Jose's point is important. We are seeing the building of increasingly strong alliances that will be long-lasting and will lead to fighting together.Common Core resistance reflects an awareness of the metastasis of standards-based reforms into broader swaths of the American school system. “The changes in public education beginning to touch suburban communities, white or black” says Royal, “have touched us already in urban communities.”Opt-out parents like Brooklyn New School parent Elsass, who is white, acknowledges this dynamic. “We’re somewhat insulated from what’s happening at other schools,” she says, citing Brooklyn campuses where arts have been eclipsed by test-focused instruction. “It’s pushing us down a bad road for education.”There is a silver lining, though. According to Slekar, Common Core resistance has opened dialog between cities and their vanilla suburbs. More affluent parents, Slekar says, “have finally burst out of their bubbles and see the harm that’s being done in the cities.” Royal considers it “good entrée for them into the whole problem of what public education has become.”In this light, Jose Vilson sets his sights beyond the Common Core battle. “If there is a resolution to the Common Core,” he wonders, “do all the other things — the racism, classism, sexism that are pervasive throughout a lot of communities — go away? Will you keep fighting for those people that are marginalized by these situations?”.....
These articles touch on the entire enchilada, especially tackling the race issue as related to the CC. Excellent quotes from a number of people we've worked with, including Jose Vilson, Karen Harper Royal, Janine Sopp. We had the race discussion re: white middle class parents being more likely to opt out in Change the Stakes. That led to a decision to go out to communities through making contact with the local district Community Education Councils and we've already seen some results. My position has always been that all kids -- kids of color and whites are abused by the high stakes testing regimen -- it's a matter of connecting to parents throughout the city.
And the follow-up article this week points to these alliances being built:
The work of CTS is so exciting -- often to me more than the union work. I am on the Steering Committee but play a minimal role. What a pleasure to see these amazing parents lead the way -- and also to see CTS becoming slowly but surely a more diverse community. Here are links to the Indy articles and a note from Janine.Around a thousand New York City students opted out, thanks to the organizing efforts of grassroots parent groups like Change the Stakes. This spring the group helped rouse parents not just at progressive campuses like the Brooklyn New School, but in traditional public schools like PS 446 in the Brownsville neighborhood of Brooklyn and PS 140 in the Bronx.At PS 446, over 80 percent of tested students opted out of the exams. “We felt like this benefitted our kids more than anything else,” says Latoshia Wheeler, a PS 446 parent and opt-out organizer. “They’re wasting a lot of money and resources that they could put back into the school.”

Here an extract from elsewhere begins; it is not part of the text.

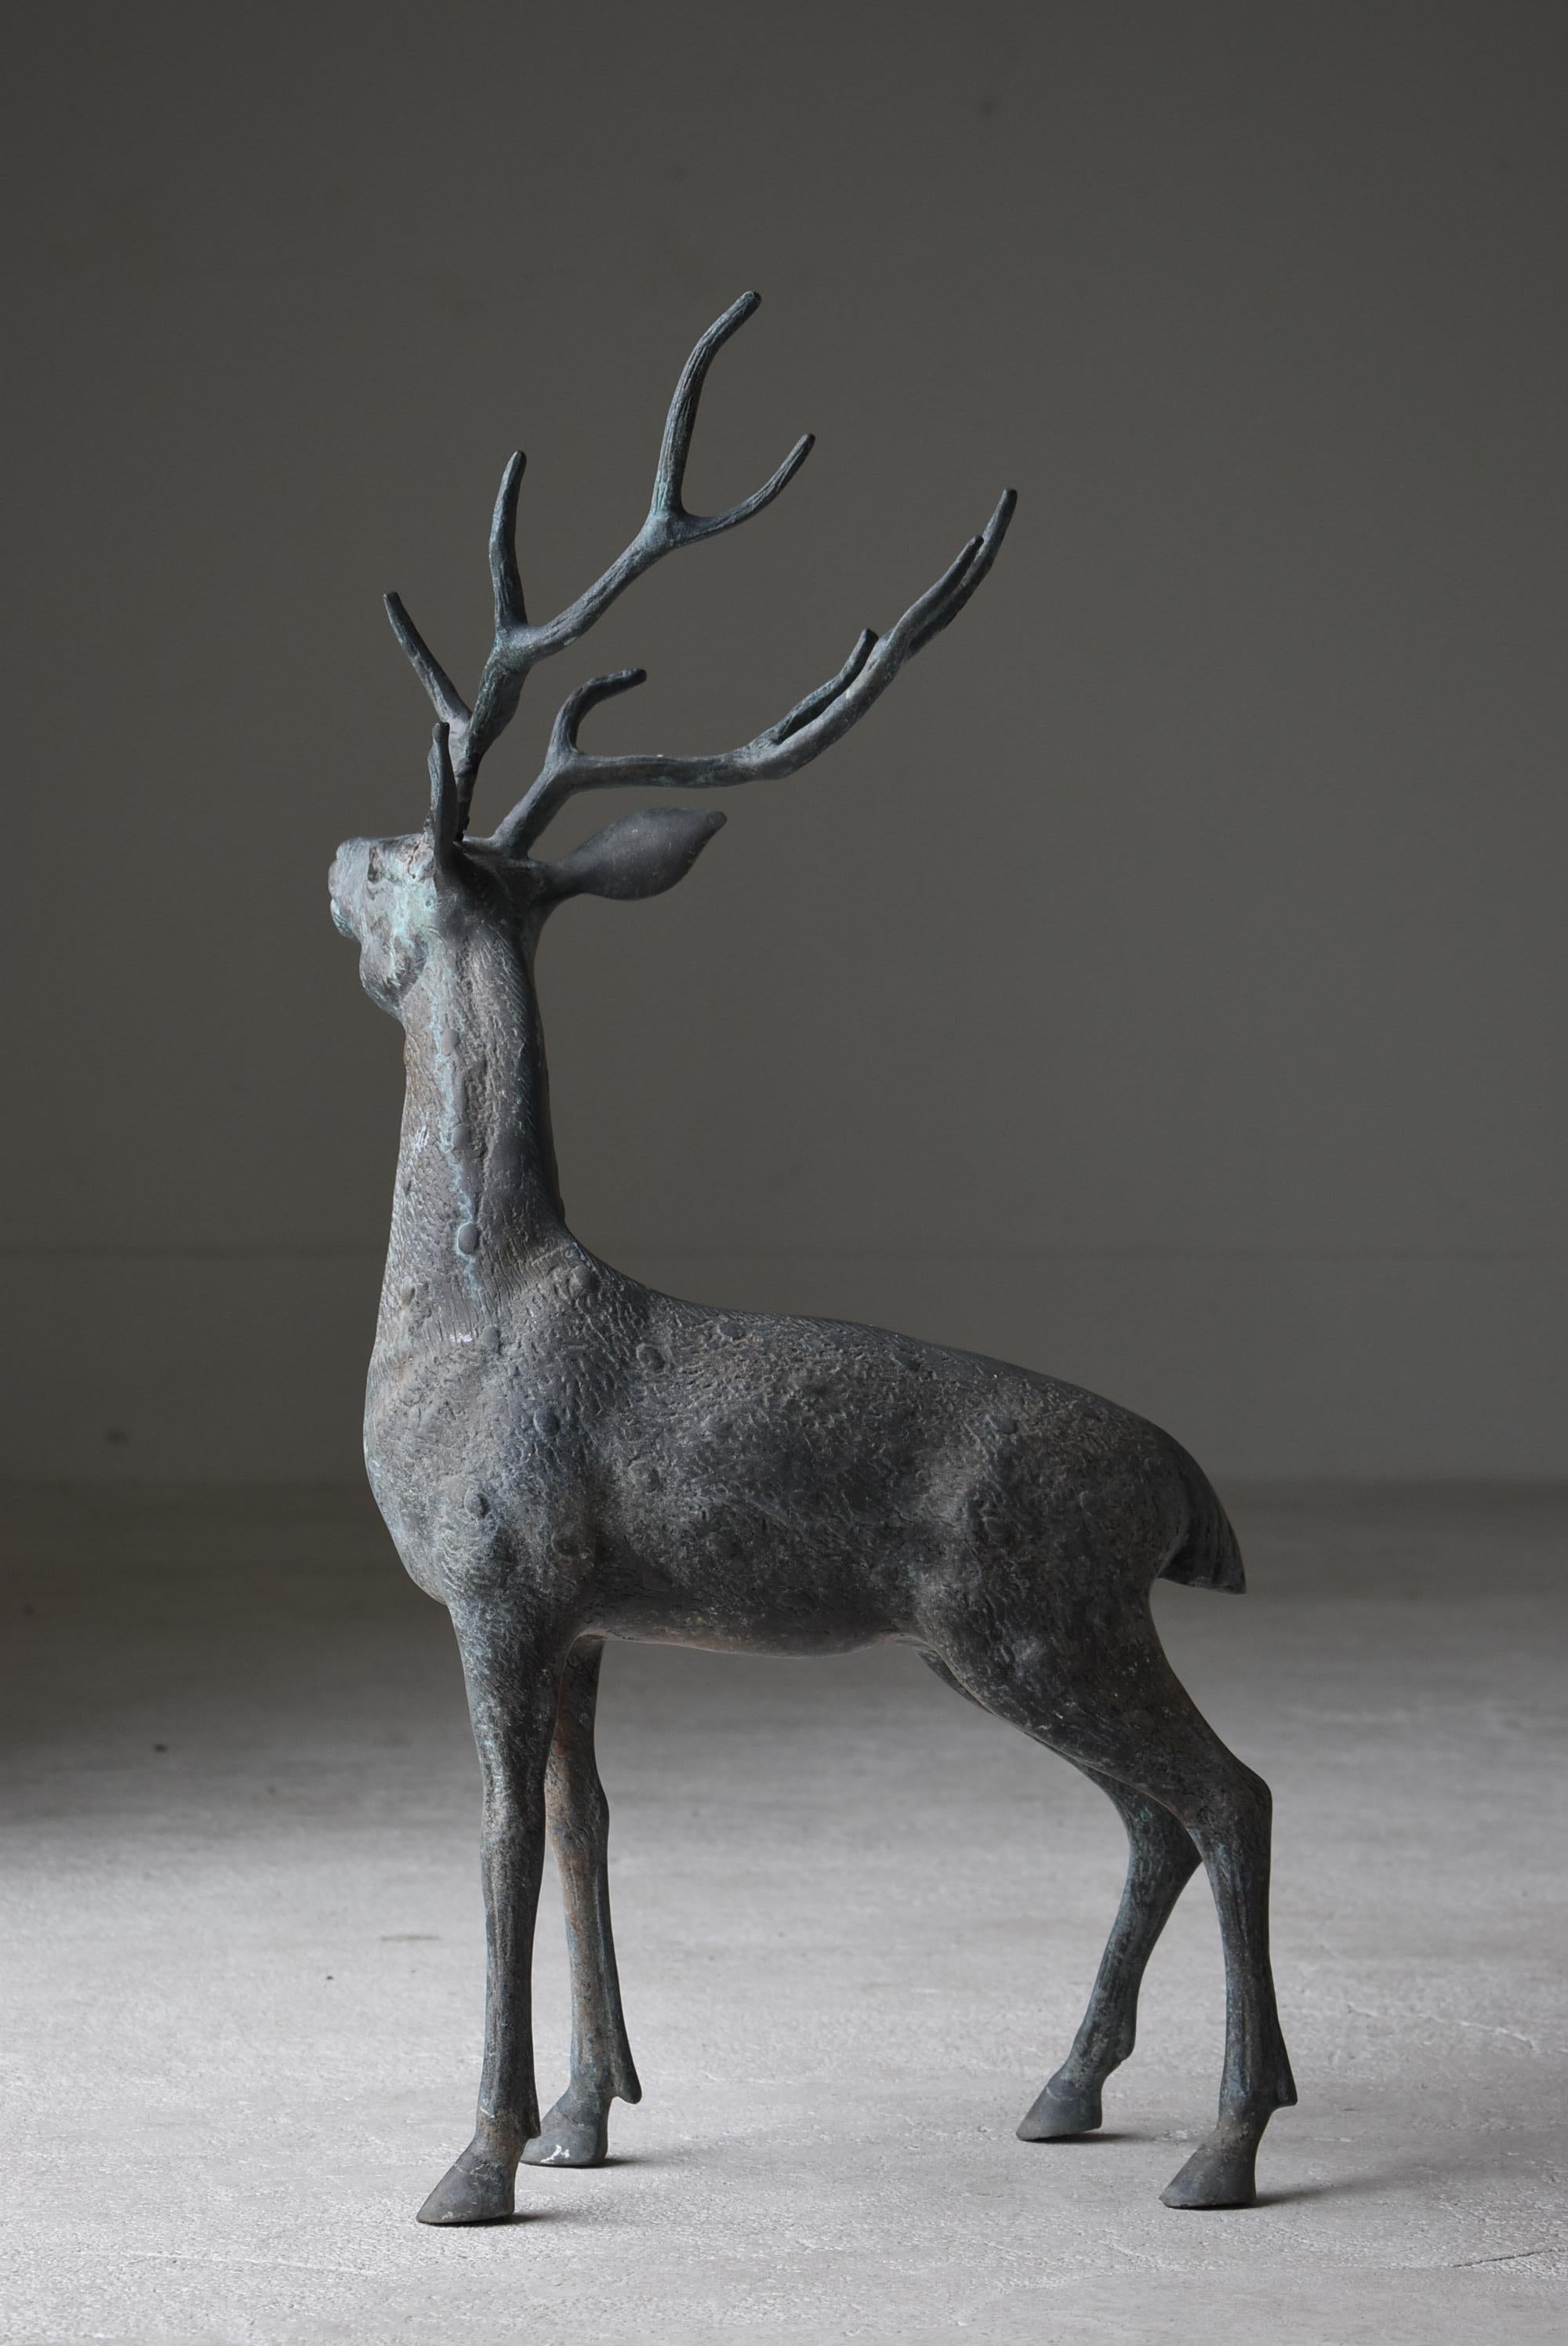 Japanese Old Copper Deer Object/Vintage Figurine Animal Decor Decoration Art 6

The Common Core and Its Discontents, The Indypendent, April 4 2014
Finding Common Cause on the Common Core, The Indypendent (follow up article), April 9, 2014
Janine Sopp has been tireless in racing around to every community she can reach. Poor Kya - has been to more meetings - either she will be an activist like her mom or never want to see a meeting when she grows up.
Janine, whose coming out as an activist I am proud to have witnessed, writes:
Greetings Friends and Allies,
Here are two recent articles published by The Indypendent that focus on the ever changing, ever growing and constantly evolving movement to fight high-stakes testing. Journalist Owen Davis interviewed numerous sources on the past and currently unfolding events and actions these recent months and weeks has been a most responsive and reflective reporter. He sees our collective efforts as "one of the most important movements in education justice of the moment."
Change the Stakes has been a major participant in this movement along with countless other organizations, parents and teachers who are responding in their communities and adding to the growing numbers of opt outs as well as bringing awareness to the larger issues around high-stakes testing.
As a member of CtS as well as one of many parents on our school's PAC (Parent Action Coalition), I've met with scores of parents who are organizing in their own ways. CtS was mentioned in the follow up article, but parents from BNS (PS146) met with the PS446 community to speak with them about their plans to opt out. When communities begin to understand they have the right to make these decisions for their children, teachers and schools, it is amazing what can happen. I share this because parents everywhere can become the inspiration and support for others. CtS enjoys and hopes parents and teachers will plug into the network we have become, but we are not the only vehicle by which parents can get involved.
This is what we see when an independent media outlet can help tell the story, where the deeper issues that are the underpinnings of these reforms are allowed to be voiced, so please share these articles widely. And remember, you can still opt out of the math exam! Hope to see you on April 24 at the rally where all allies will stand together to REFUSE high- stakes testing.